CeCe Peniston (left) with Post reporter Jesse Brooks. Peniston had the crowd moving with her world-wide dance hit “Finally” which celebrates 21 years since its release in 1991.
Martin Luther, formerly of “The Roots,” with Oakland Pride entertainment coordinator Monica Anderson.
The AIDS Health Care Foundation testing team, from left to right: Beji Johnson, Juba Johnson, Amber Young, Ses Soltani, Tanajsha Thomas, Bianca Crown, and Dale Gluth.
By Jesse Brooks
Over 20,000 people participated in Oakland Pride on Labor Day weekend, celebrating the lesbian, gay, bisexual and transgender community at Northern California’s second largest Pride festival.
The event blocked off 12-square-blocks Sept. 2 in the downtown area, where free HIV testing was offered at different locations by many organizations.
“I was looking for community, and I found it in Oakland,” Said Monica Anderson, who has been the event’s entertainment coordinator since 2010. “The great thing about Oakland Pride,” she said, “is that it just seems like a natural fit for a city like Oakland.
“With its roots of revolution, pride’s resurrection was not to create something new but to celebrate what was already here, and that’s what we’ve done in a way where there’s no discomfort to anyone.”
Now its third consecutive year, the 2012 festival featured musical and dance acts on four stages, local artists as well as headliners.

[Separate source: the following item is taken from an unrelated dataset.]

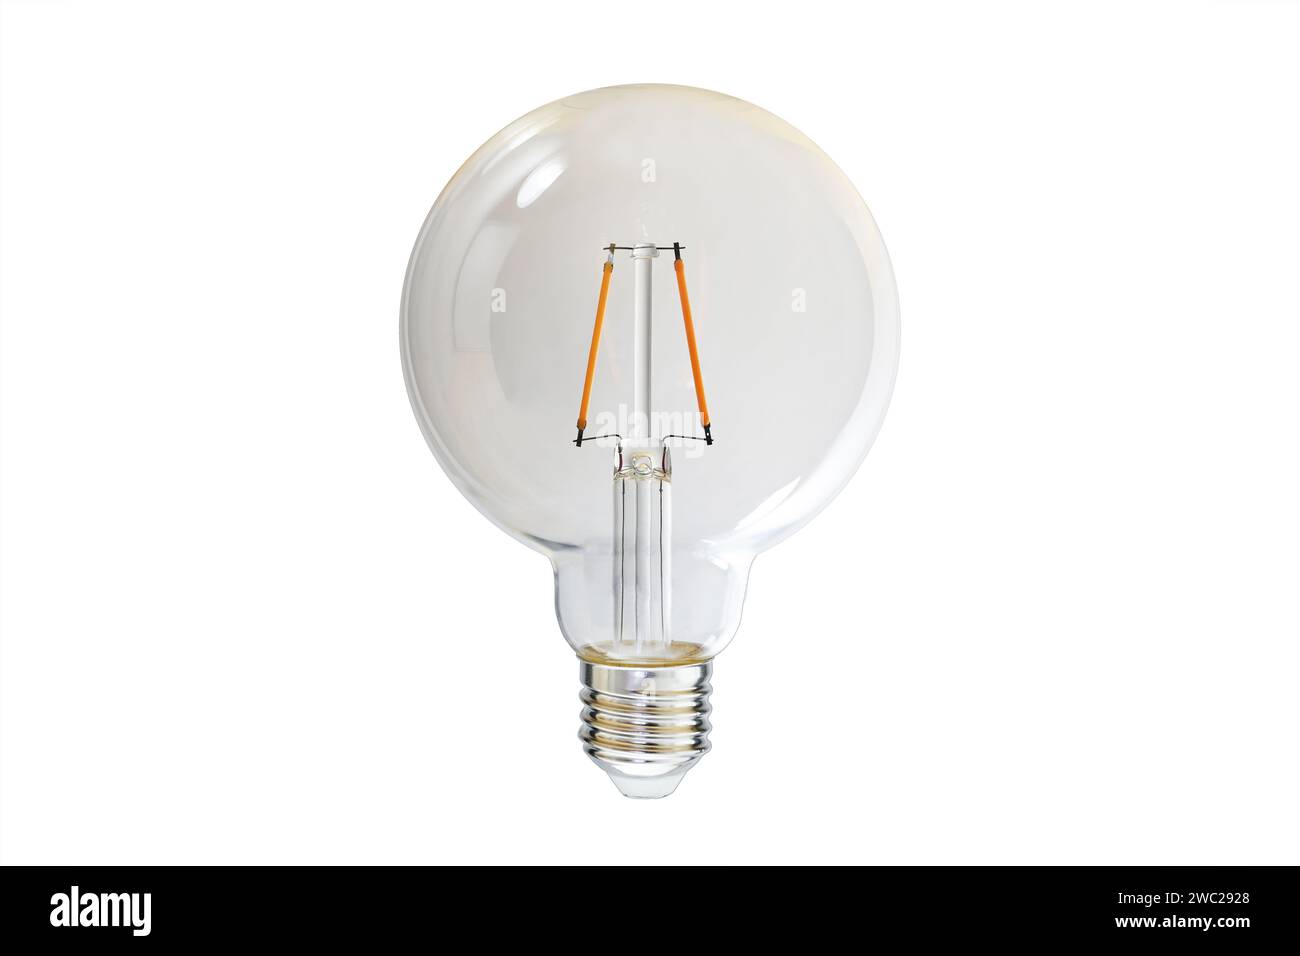 Lampe LED avec verre transparent clair et deux filaments orange, design nostalgique pour ressembler à une ampoule à incandescence traditionnelle, isolée sur un coup Banque D'Images

Acts included musical dance diva CeCe Peniston, hip-hop artist Rah Digga, San Francisco native and former member of “The Roots” Martin Luther and local rapper Clyde Carson.
A section was cordoned off for children, offering face painting, balloon art, and real life storybook characters.
Also on hand were testing organizations like AIDS Project of the East Bay (APEB), which have been serving a diverse population of HIV positive gay men in Northern California outside of San Francisco since 1983. This was the group’s third year at Oakland Pride but the first time offering free rapid HIV testing, along with counseling and referral services.
Other testing organizations were the AIDS Healthcare Foundation, Volunteers of America, the HIV Education and Prevention Project of Alameda County (HEPPAC) and Get Screened Oakland, which hosted a “Sex in the City Lounge,” a place to hang out while waiting for 20-minute HIV test results.
Sex in the City Lounge visitors were invited to drink mocktails, talk with counselors, receive condoms, play cards or dominoes or obtain blood pressure screening from Walgreens.
According Braunz, HEPPAC’s Program Coordinator, “We want to normalize HIV awareness and screening and encourage our community to make safer choices within our diverse spectrum.”
Although there were some acts of vandalism from a group claiming to be a part of Occupy Oakland, the festival went on without incident.